Referring to graduates, like McEwan, of the University of East Anglia’s famous creative writing course, Josipovici said: “They all tell stories in a way that is well crafted, but that is almost the most depressing aspect of it — a careful craft which seems to me to be hollow.”

He singled out The Comfort of Strangers, McEwan’s story of obsession, as easy to read but lacking “a sense of destiny, of other worlds suggested but lying beyond words”, unlike that experienced through Proust or Henry James. McEwan’s novel is read “to pass the time”, he said.

Such novels had a “lack of vision and limited horizons”.

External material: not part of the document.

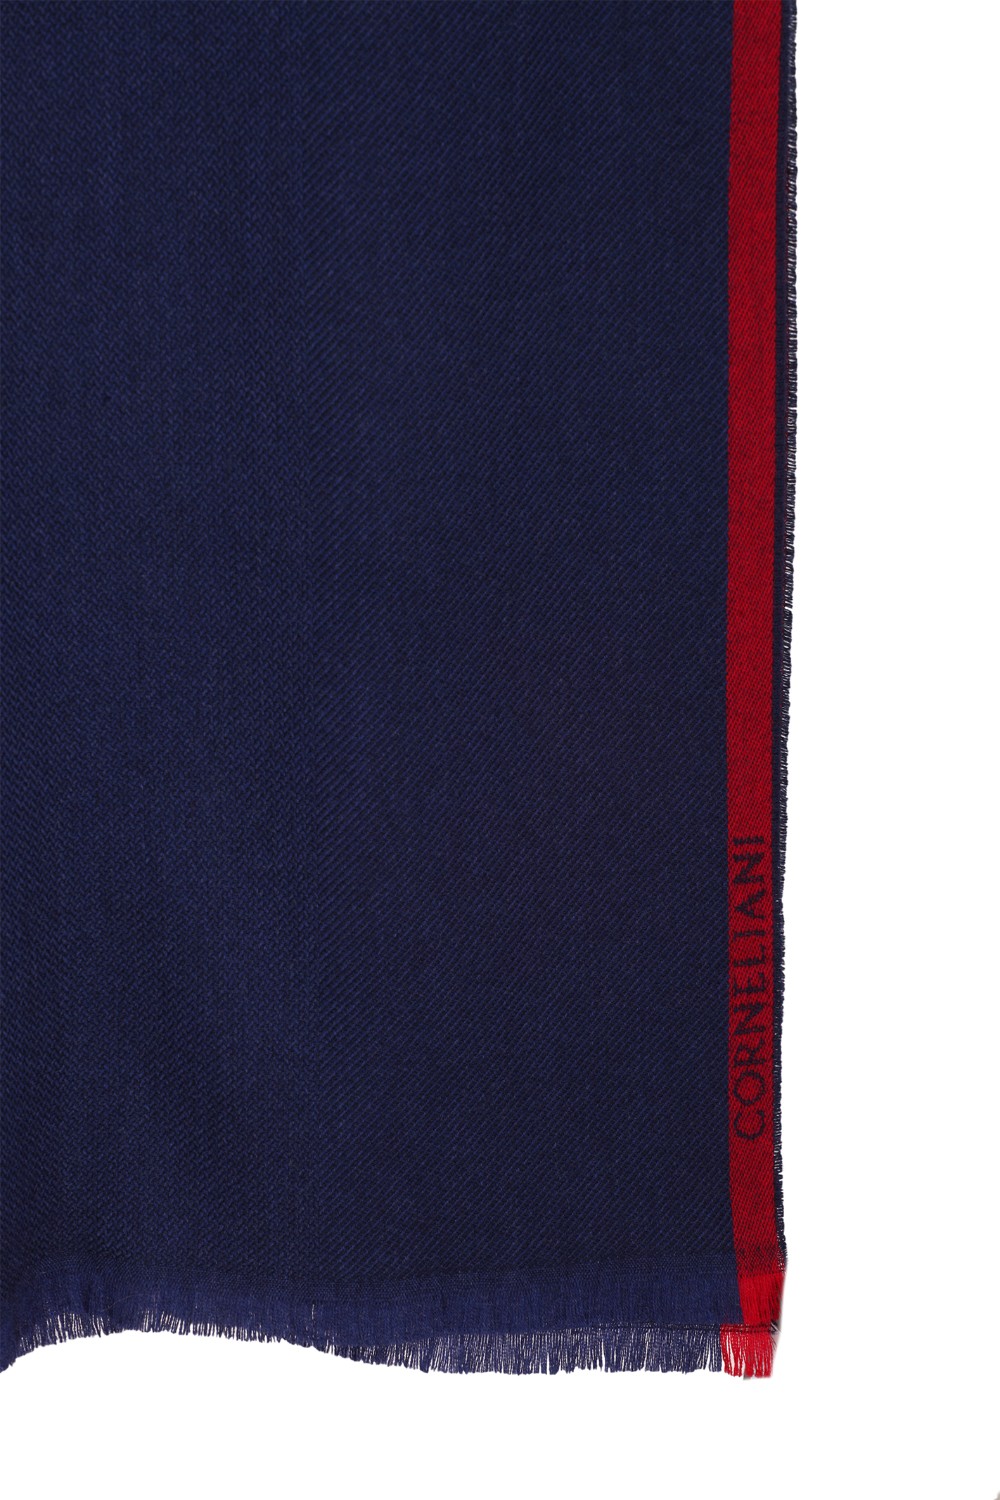 shop CORNELIANI  Sciarpa: Corneliani sciarpa blu in lana e cachemire.
Bordi sfrangiati.
Composizione: 80% lana 20% cachemire.
Dimensioni: 170 x 35 cm.
Made in Italy.. 86B389-0829015-001 number 1739887

“One finishes them and feels, ‘So what?’ – so very different from the gut-wrenching experience of reading Herman Melville’s Bartleby or William Golding’s The Inheritors,” said Josipovici.

We disagree on the sole point of Ian McEwan, beneath the banked fires of whose brilliantly poised prose we sense a throbbing companionship of grief.

Compline

¶ The confessions of a one-time “warblogger” — remember them? (Remember paying attention to them, that is.) A reminder that a life built on anger and hostility really does work for some people, some of the time. Michele Catalano at This Ia a Thing. (via The Awl)

People would say, how could you align yourselves with them? How could I still say I was anti-religion and for gay rights and all that other stuff I stood for, how could I say that if I was part of the other side now? And I didn’t know. I didn’t know how to answer that. I didn’t know how to say “I have no idea what I believe I just know that if I stop screaming I might end up killing myself so I’m going to stay here with the screaming people.”

Do you know how easy it is to lie to yourself? Do you know how easy it is to make yourself believe all the things you want to believe like, your life is good and you’re happy and carefree and everything is really fucking great? Lying to yourself with ease makes it so much easier to lie to everyone else. Oh yes, I’m perfectly happy being a bitter, angry blogger. I’m perfectly happy having 20 anxiety attacks a day. I’m perfectly happy living in a basement apartment with two kids and a second husband who makes me feel like my soul has sprung a leak. Happy. Happy, happy, happy. Life is good. And so is gin.

And so it went. I went on appearing to everyone online (and at this point my blog had about 10,000 hits a day and I was doing interviews with the BBC and such) like I was some rabid warmonger and as my old friends left in droves most of my new friends proved to be nothing more than sharks who were all too happy to feed off of me.